-- Material for this exercise follows --
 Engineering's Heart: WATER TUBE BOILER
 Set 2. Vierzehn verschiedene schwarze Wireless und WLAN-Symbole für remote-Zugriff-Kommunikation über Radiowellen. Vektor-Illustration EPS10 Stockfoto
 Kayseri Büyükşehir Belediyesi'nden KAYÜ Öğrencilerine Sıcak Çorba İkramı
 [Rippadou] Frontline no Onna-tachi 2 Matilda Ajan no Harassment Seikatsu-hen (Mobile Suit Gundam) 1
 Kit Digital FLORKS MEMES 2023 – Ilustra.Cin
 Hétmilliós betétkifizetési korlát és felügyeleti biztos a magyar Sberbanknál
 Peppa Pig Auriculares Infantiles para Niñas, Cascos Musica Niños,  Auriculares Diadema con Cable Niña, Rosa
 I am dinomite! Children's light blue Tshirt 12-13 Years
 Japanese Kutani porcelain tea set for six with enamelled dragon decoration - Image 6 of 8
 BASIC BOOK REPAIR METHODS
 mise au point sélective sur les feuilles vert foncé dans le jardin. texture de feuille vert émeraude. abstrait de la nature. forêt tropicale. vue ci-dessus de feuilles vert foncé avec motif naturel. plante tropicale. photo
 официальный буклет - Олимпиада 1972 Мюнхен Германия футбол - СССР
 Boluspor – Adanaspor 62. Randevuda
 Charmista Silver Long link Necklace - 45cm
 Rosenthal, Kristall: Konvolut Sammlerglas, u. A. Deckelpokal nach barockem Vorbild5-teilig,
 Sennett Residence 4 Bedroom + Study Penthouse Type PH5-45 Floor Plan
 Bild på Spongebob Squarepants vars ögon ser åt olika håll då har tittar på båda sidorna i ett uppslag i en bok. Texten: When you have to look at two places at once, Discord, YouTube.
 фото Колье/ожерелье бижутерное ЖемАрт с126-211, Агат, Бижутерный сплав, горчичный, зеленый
-- Material for this exercise concluded --
Restate the listing exactly, starting at its first line and ending at the line where "Peppa Pig Auriculares" occurs; include both and no other lines.

Output:
 Engineering's Heart: WATER TUBE BOILER
 Set 2. Vierzehn verschiedene schwarze Wireless und WLAN-Symbole für remote-Zugriff-Kommunikation über Radiowellen. Vektor-Illustration EPS10 Stockfoto
 Kayseri Büyükşehir Belediyesi'nden KAYÜ Öğrencilerine Sıcak Çorba İkramı
 [Rippadou] Frontline no Onna-tachi 2 Matilda Ajan no Harassment Seikatsu-hen (Mobile Suit Gundam) 1
 Kit Digital FLORKS MEMES 2023 – Ilustra.Cin
 Hétmilliós betétkifizetési korlát és felügyeleti biztos a magyar Sberbanknál
 Peppa Pig Auriculares Infantiles para Niñas, Cascos Musica Niños,  Auriculares Diadema con Cable Niña, Rosa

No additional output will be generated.